I made a big pan of lasagna a couple weeks back and I used deli-sliced turkey breast instead of noodles
clever idea.
I've been subscribing to the low-carb way of thinking for 25 years or so? Something like that.
If someone were to compare how they and their body feels after a couple of slices of turkey with green beans for a meal versus eating a big bowl of Cap'n Crunch with milk, it should be a slam dunk as to which way one should go.
The food conglomerates are not on the consumer's side, that's for sure.
 
clever idea.
I've been subscribing to the low-carb way of thinking for 25 years or so? Something like that.
If someone were to compare how they and their body feels after a couple of slices of turkey with green beans for a meal versus eating a big bowl of Cap'n Crunch with milk, it should be a slam dunk as to which way one should go.
The food conglomerates are not on the consumer's side, that's for sure.

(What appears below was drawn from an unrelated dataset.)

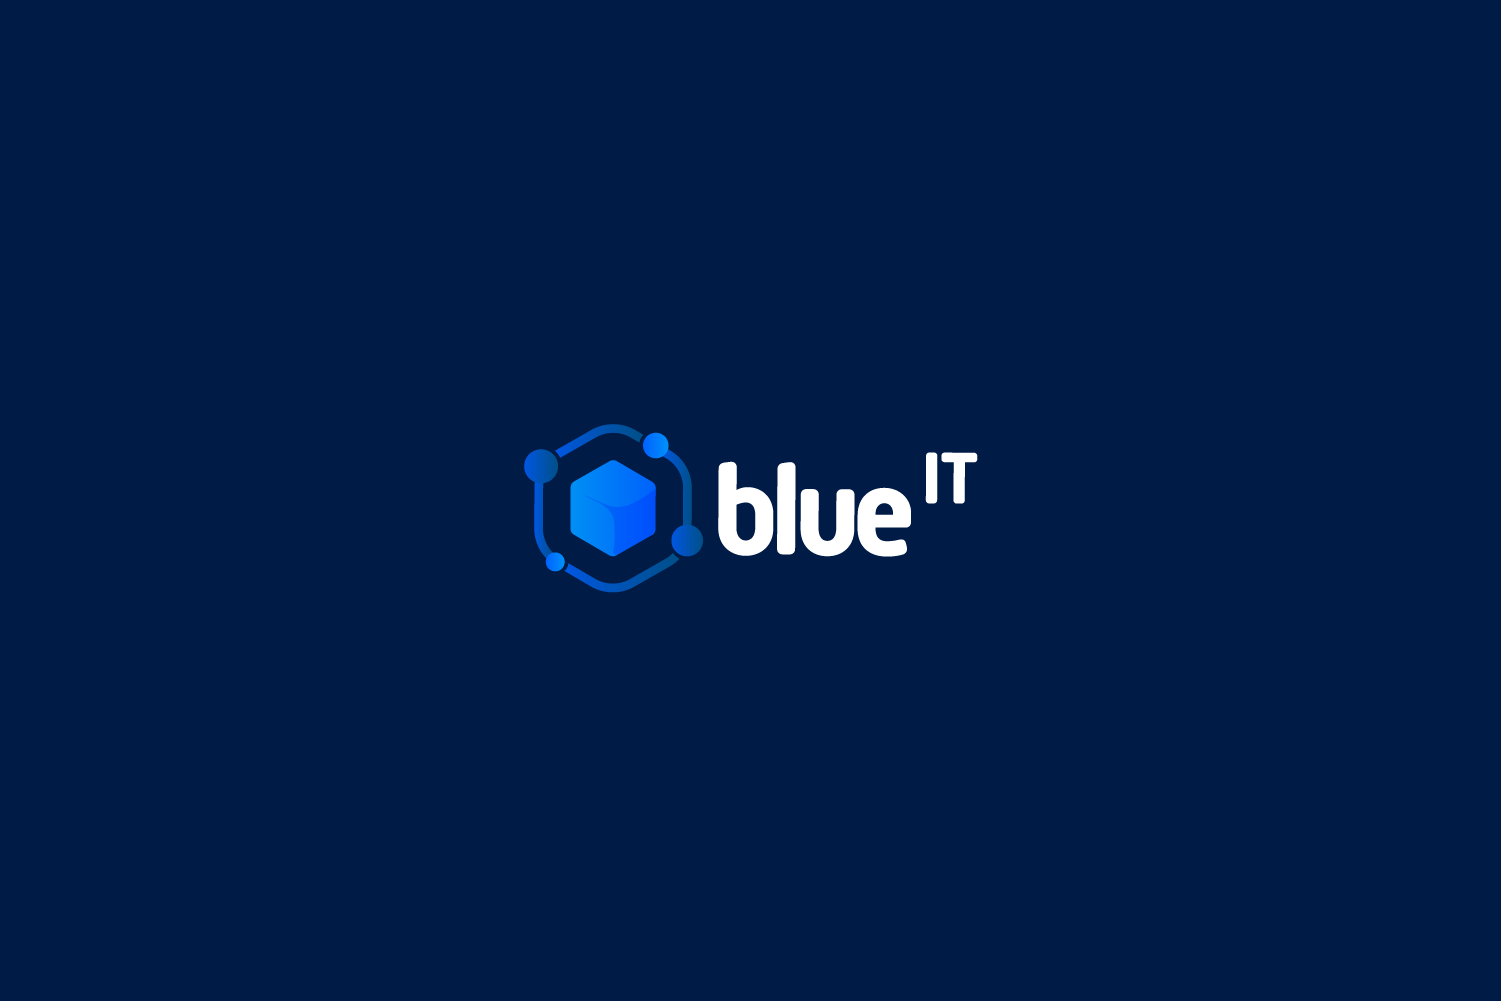 logo blue it

I would agree that flour carbohydrates are not for me. I eat them but not very much. Pasta is awesome but I get bloated. My body seems well trained on meat potato and various veggies and beer. I don't get bloated with beer maybe since it's half digested already.
 
Why do they have to be so delicious? Why couldn't they taste like plain tofu or something? Eating moderate amounts of potatoes or corn is a pipe dream for me so I will eat them once in a while. With potatoes, I will eat just that for the whole meal.
 
Why do they have to be so delicious? Why couldn't they taste like plain tofu or something? Eating moderate amounts of potatoes or corn is a pipe dream for me so I will eat them once in a while. With potatoes, I will eat just that for the whole meal.
Really underated and versatile tuber. Of course the home grown are far superior than the commercial farm. It's my go-to for my carbohydrate.